C'est probablement une des grandes expérimentations art.51 à mettre en place. Elle nécessite une organisation professionnelle totalement innovante et certainement un nouveau mode de financement au "parcours de soin".

La notion de priorisation dans le choix des patients qui nécessitent une télésurveillance médicale en temps réel est complexe. Cela signifie que le système de télésurveillance a la capacité d'identifier précocement la survenue de complications, de repérer les éventuelles pertes de chance dues à des délais d’attente trop longs, de veiller à ce qu’il n’y ait pas de discrimination au sein des populations concernées et dans l’accès aux soins en  régions. Les algorithmes des dispositifs de télésurveillance devront intégrer ce concept de priorisation lorsque la télésurveillance médicale sera organisée à l’échelle d’une large population. Ils seront nourris de données fournies 24h/24 et 7j/7. Ces algorithmes deviendront autonomes dans la décision diagnostique et thérapeutique. Les solutions numériques relèveront de la catégorie D1 de la HAS.

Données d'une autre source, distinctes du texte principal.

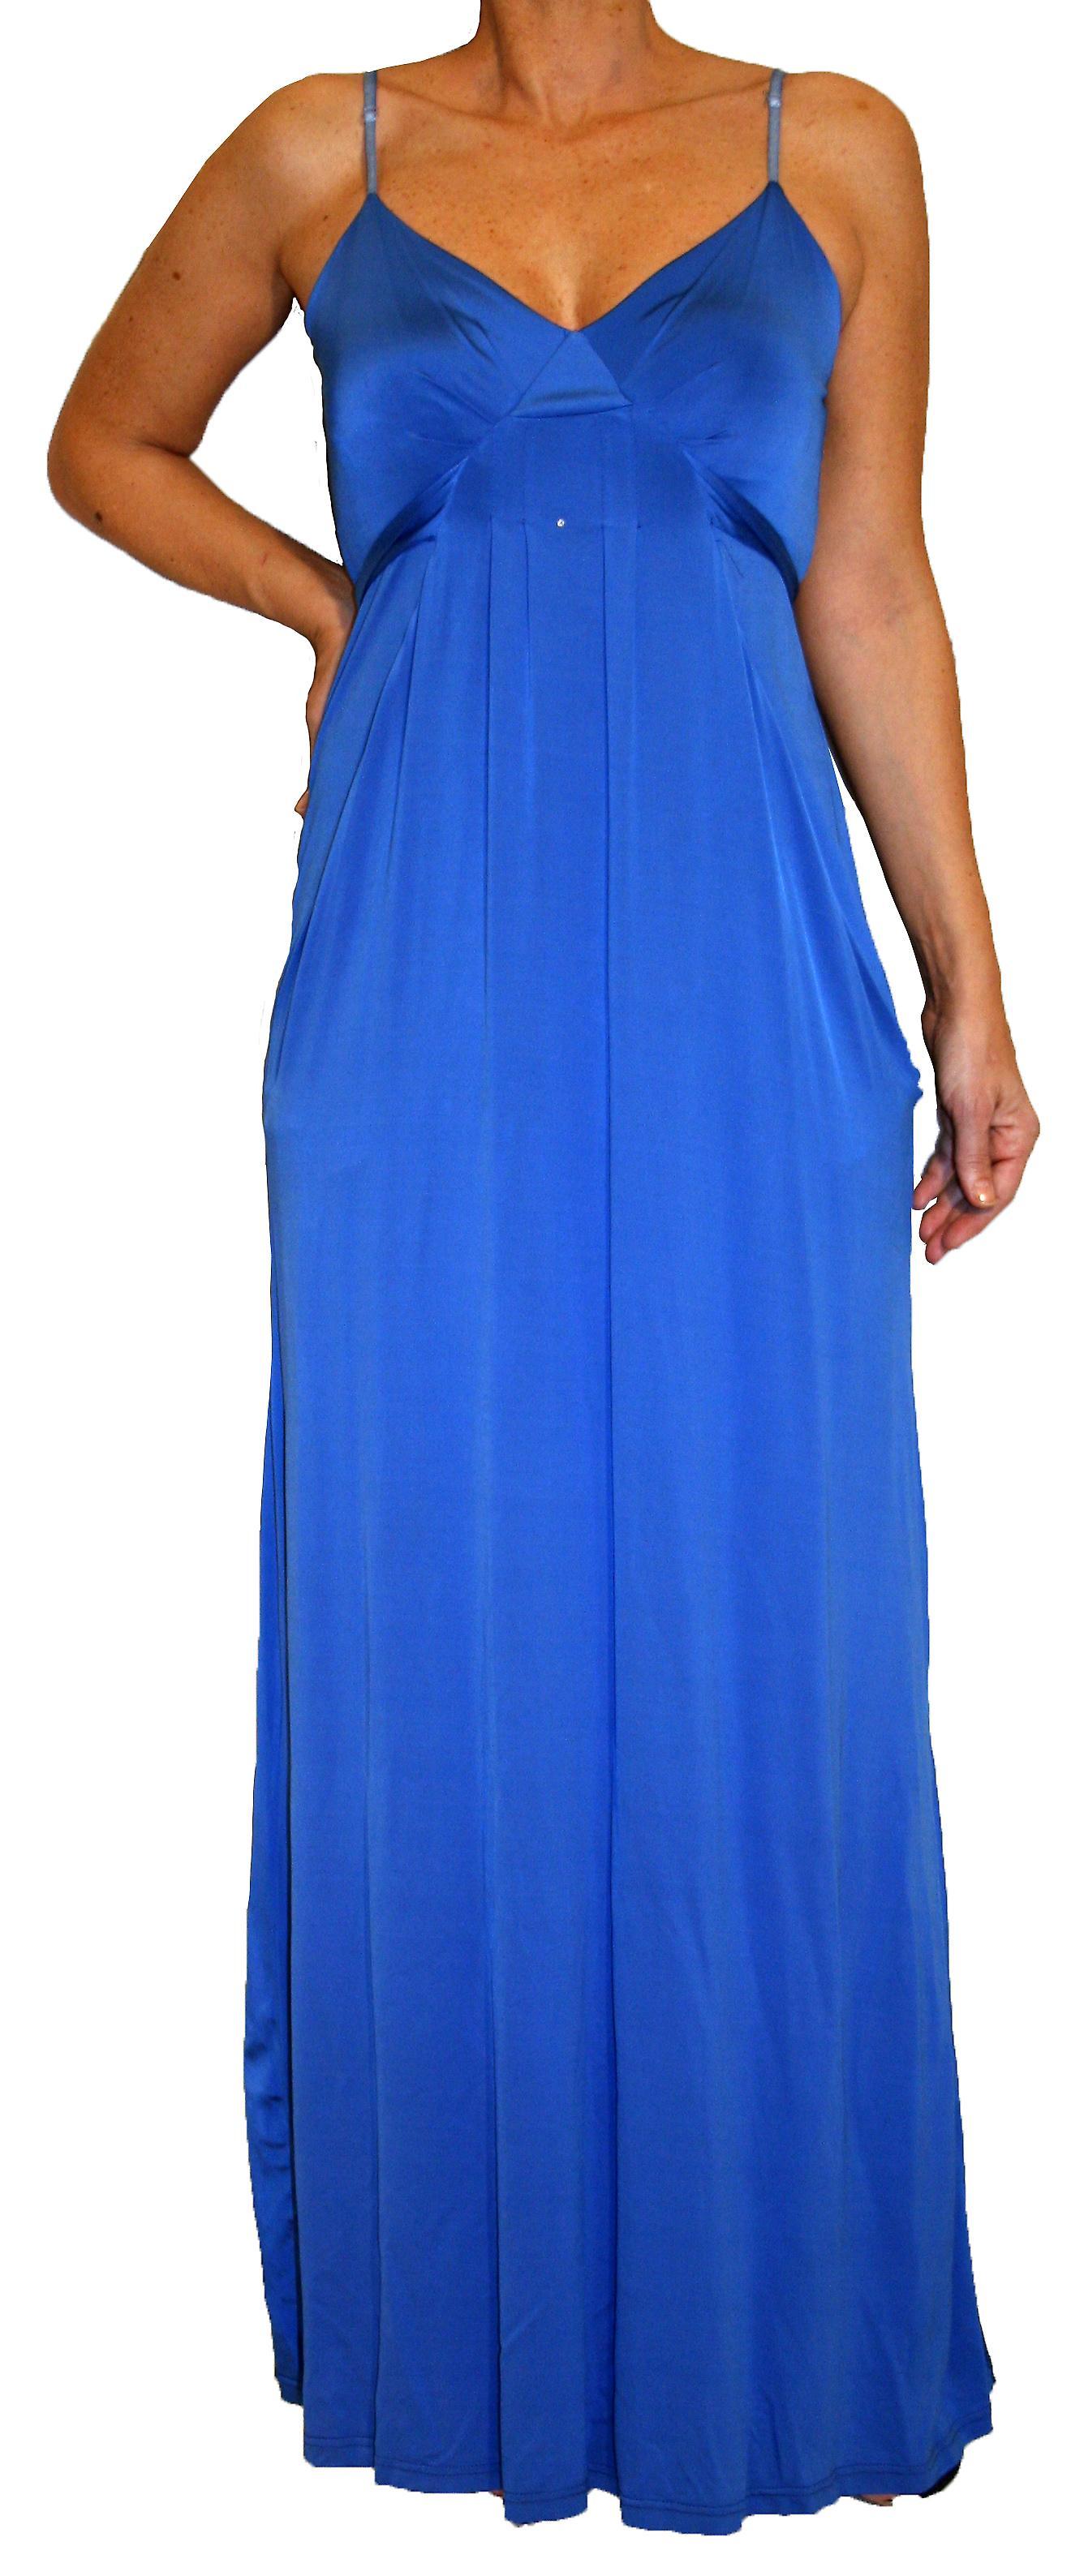 Waooh - Fashion - Dress
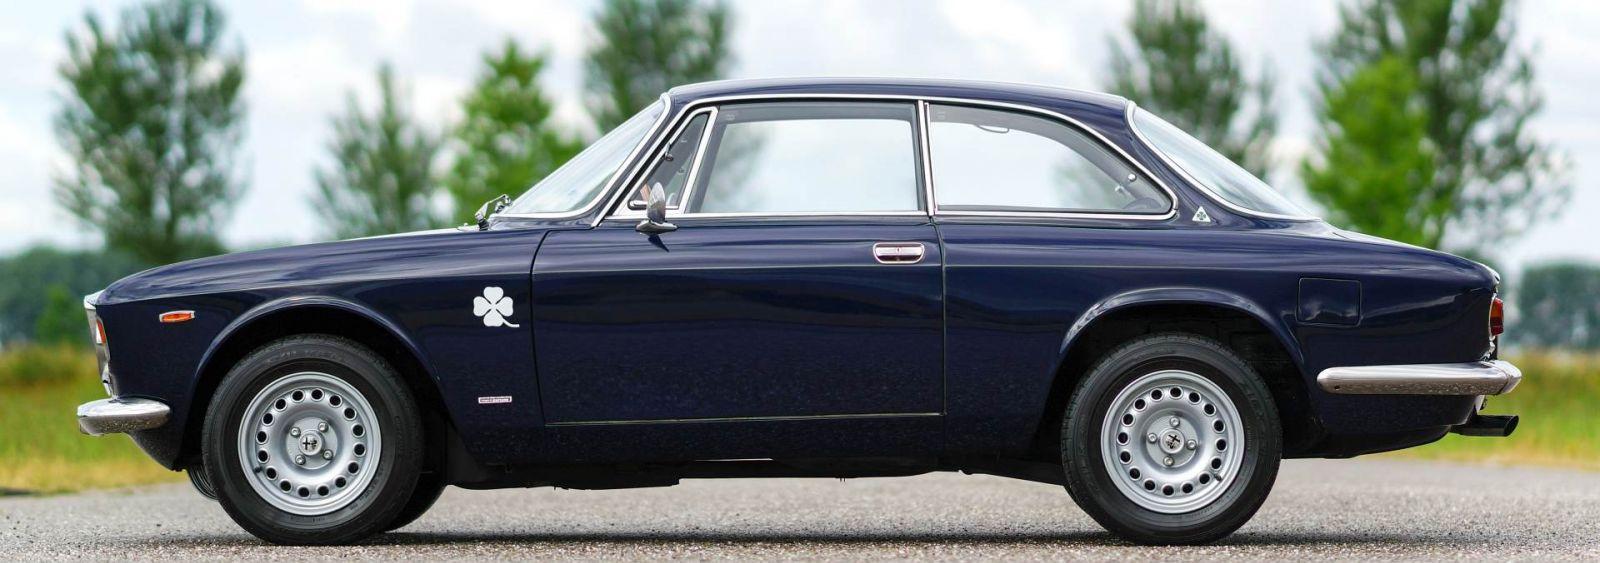 Alfa romeo gt 1300 junior 1969 welcome to classicargarage for Garage alfa romeo villeneuve d ascq

La priorisation des patients dans une organisation de télésurveillance médicale nécessite pour réussir plusieurs domaines.

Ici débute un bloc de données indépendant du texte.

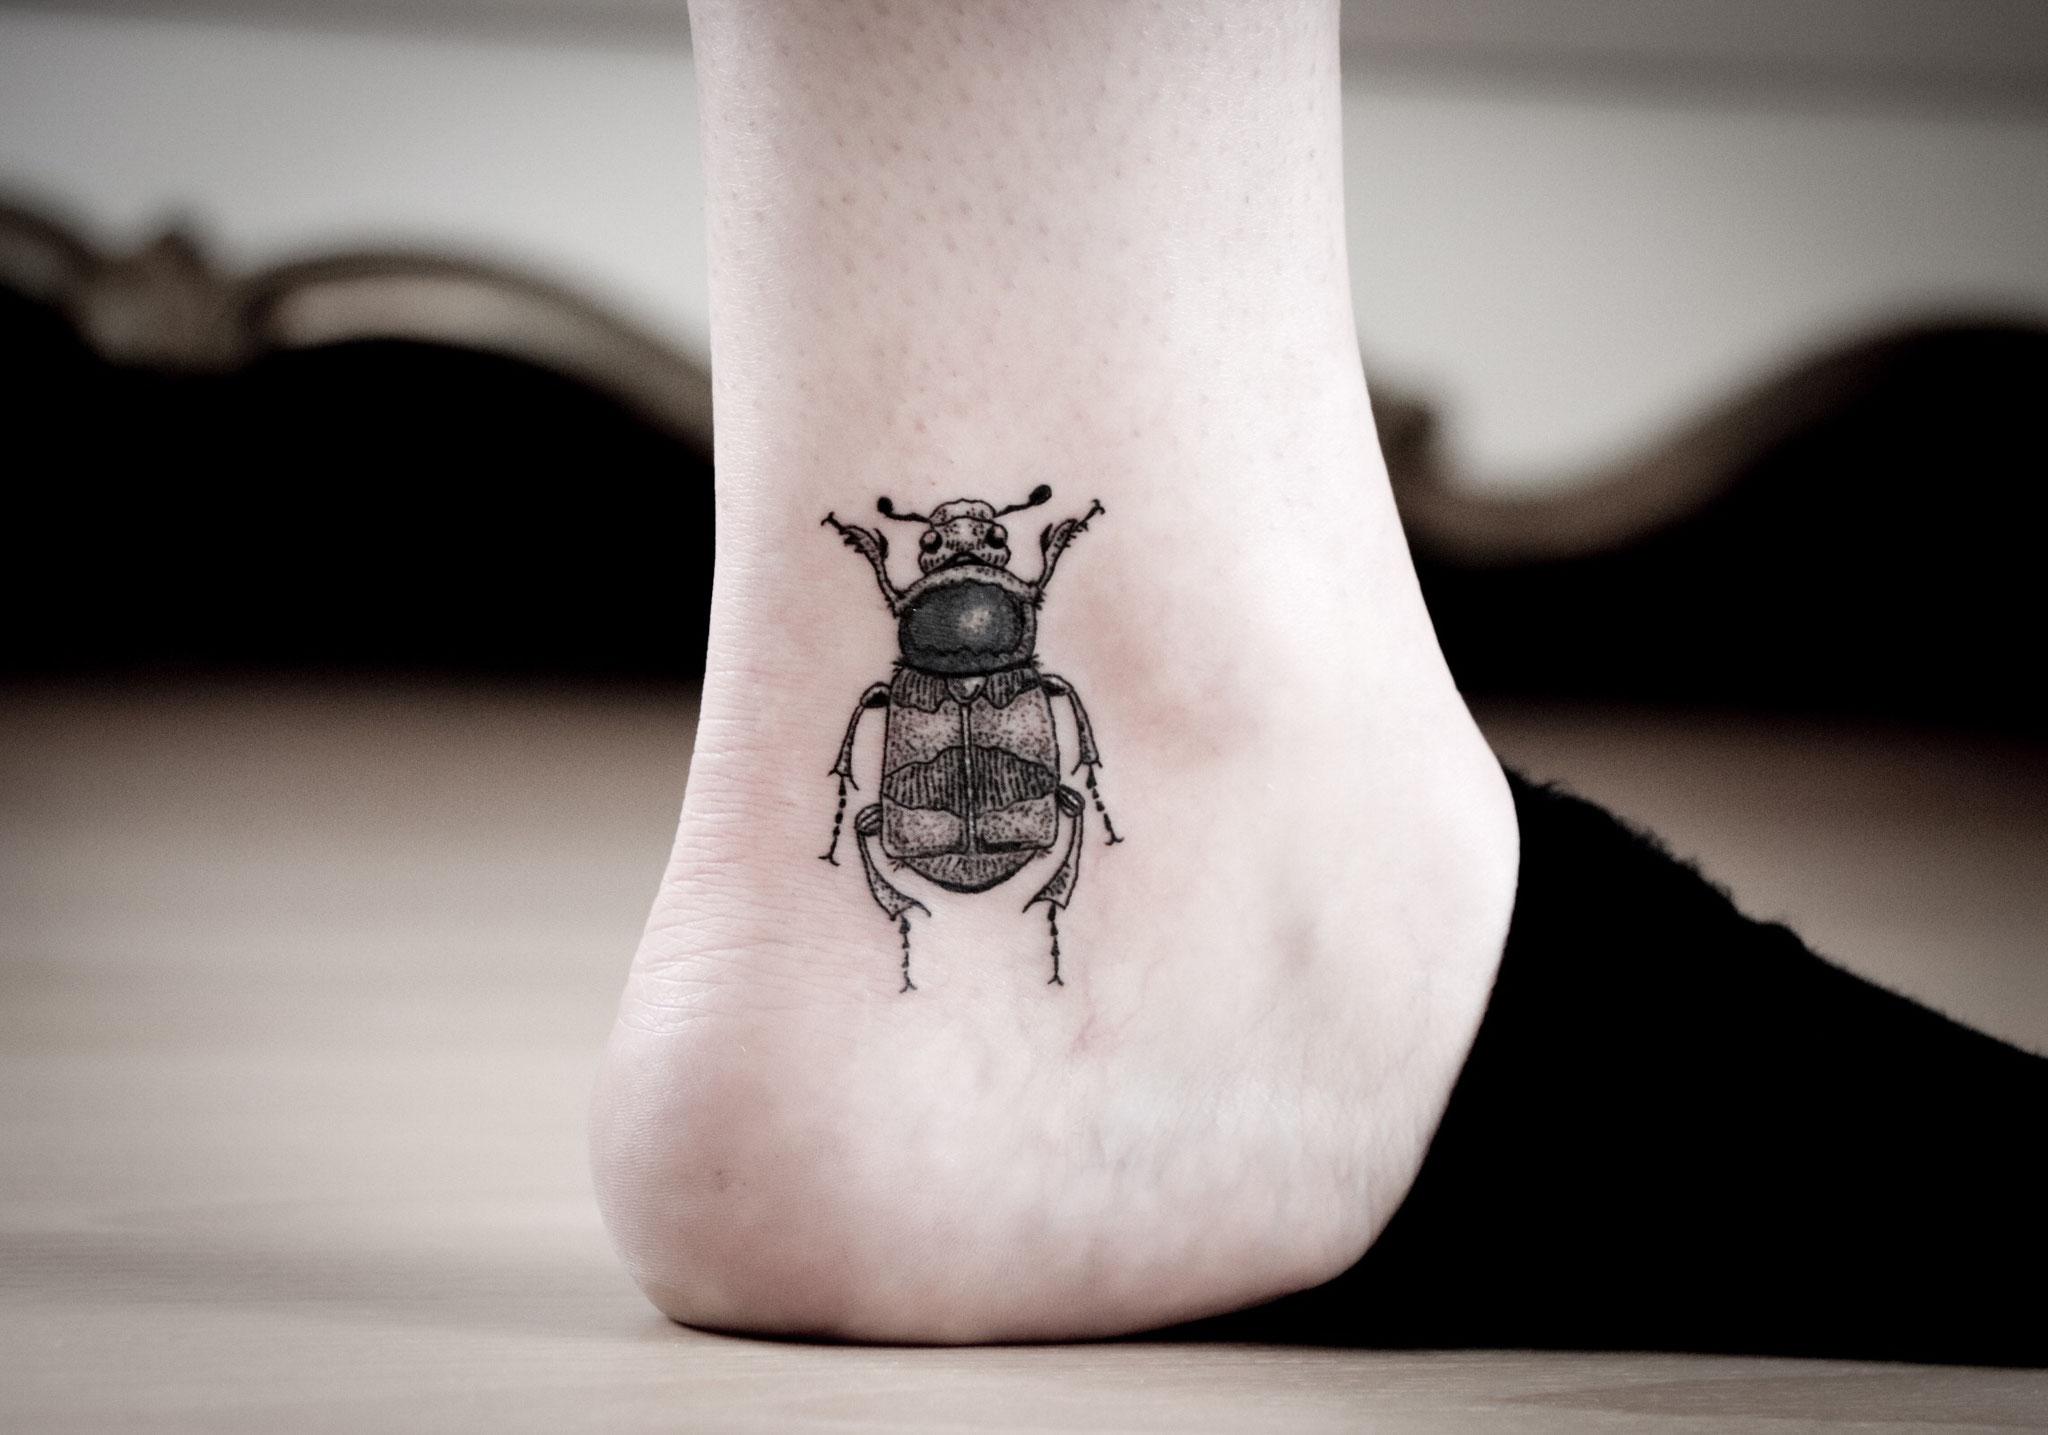 Tattoo (cover up): Bianca Stücker

Un premier domaine concerne les acteurs de la politique sanitaire à l’échelle nationale et/ou régionale. Ils doivent proposer des allocations de ressources financières qui permettent aux fournisseurs de solutions numériques pour la télésurveillance médicale de répondre à la demande sans cesse croissante avec l'épidémiologie des maladies chroniques.

Un second domaine concerne les professionnels de santé de premier recours (médecins, infirmier (e)s) sur la perception qu’ils ont de la priorisation des patients en fonction de la gravité de la maladie, des bénéfices apportés et du rapport coût-efficacité de leurs interventions. Ils recevront des avis par les algorithmes des solutions qu'ils devront savoir traiter avec humanité au nom du principe de garantie humaine.

Un troisième domaine concerne la gestion des priorités dans les listes d’attente de patients, notamment pour les actes chirurgicaux, la transplantation d’organe ou l’accès aux services d’urgences. La gestion de toutes ces priorisations dans une organisation de télésurveillance médicale en temps réel des patients au domicile n’est pas simple et demande une gestion fine des données recueillies. Les algorithmes devraient permettre d’y parvenir à la condition qu’une garantie humaine confirme les priorités données par les algorithmes.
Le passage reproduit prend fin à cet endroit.